Such a parachute drop could only make one cringe… the choice of regimental commanders was therefore surprisingly less controversial. Thus, the 1. Regiment is entrusted to the emblematic Major Wilhelm Walther – whose name is unanimous in the ranks – while the second finally falls (after an interim provided by Oberst Wolfgang von Kobelinsky**) to Major Franz Pfeiffer – a veteran of the 1. Gebirgsjäger it's true, but also an authentic alpine Jaeger who will know how to preserve the traditions of the specialized units. Not that this designation was immediately important – in fact, the majority of the battalions of the 2. Regiment will leave for the front without their parent unit having been able to be created...

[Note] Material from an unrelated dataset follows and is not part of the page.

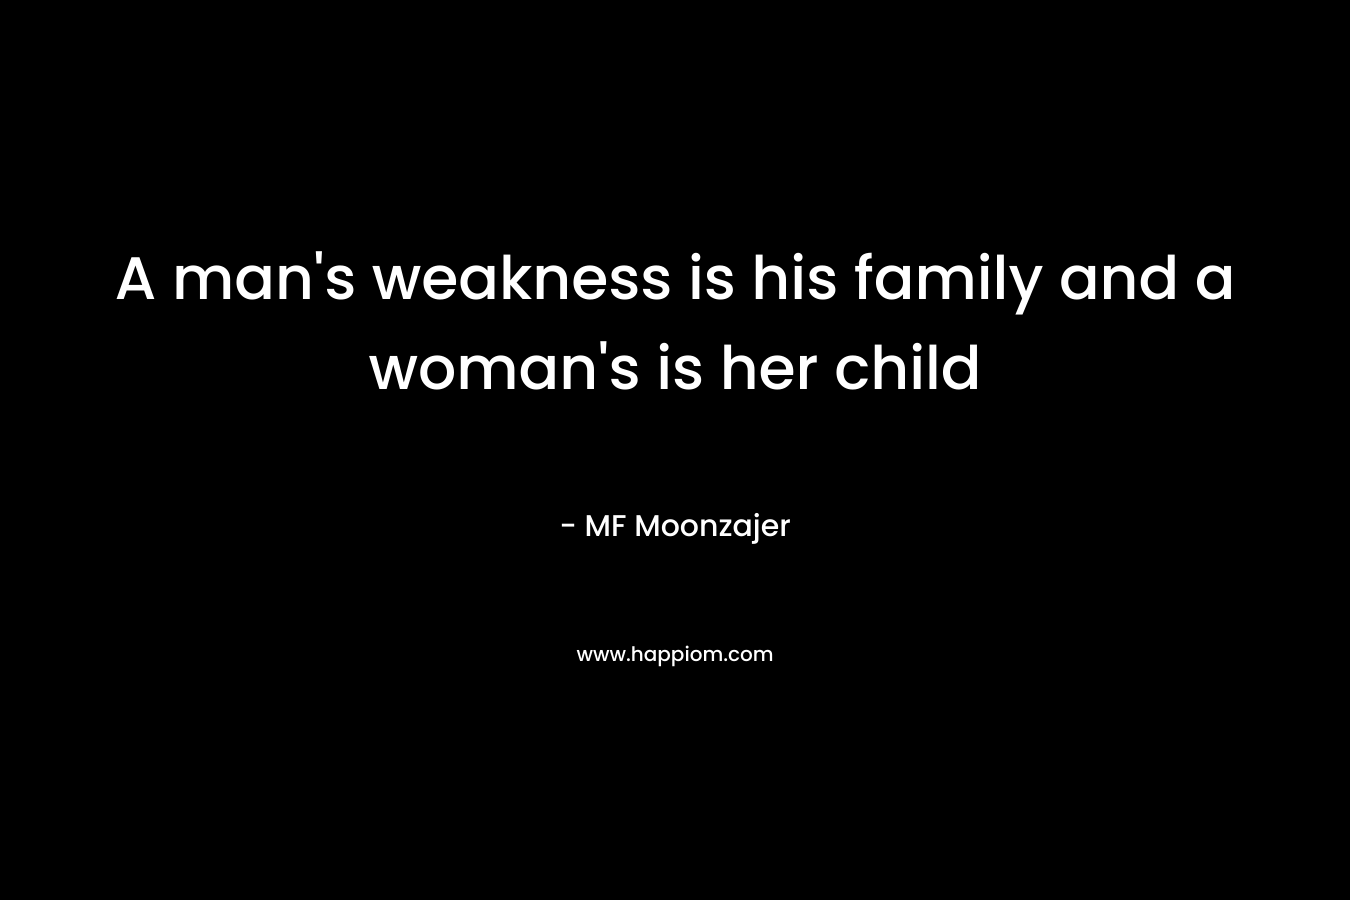 A man's weakness is his family and a woman's is her child

Thus, on May 1943, the division was declared ready for combat. All its components are transferred during the month to northern Greece, to barracks in Ioannina and Kozani - that is to say on the rear of General Löhr's 12. Armee, supposed to block the 18th Army Group allies in the Peloponnese. Dressed in a distinctive new uniform (with light green piping, oak leaves of the Jägers on a metal badge stapled to the left side of the cap, and a silver Brandenburg sweatband sewn onto the right sleeve in place of the Hunters' badge), the Brandenburgers will then confine themselves to the thankless task of fighting against the Partisans, despite some final outbursts that we will describe.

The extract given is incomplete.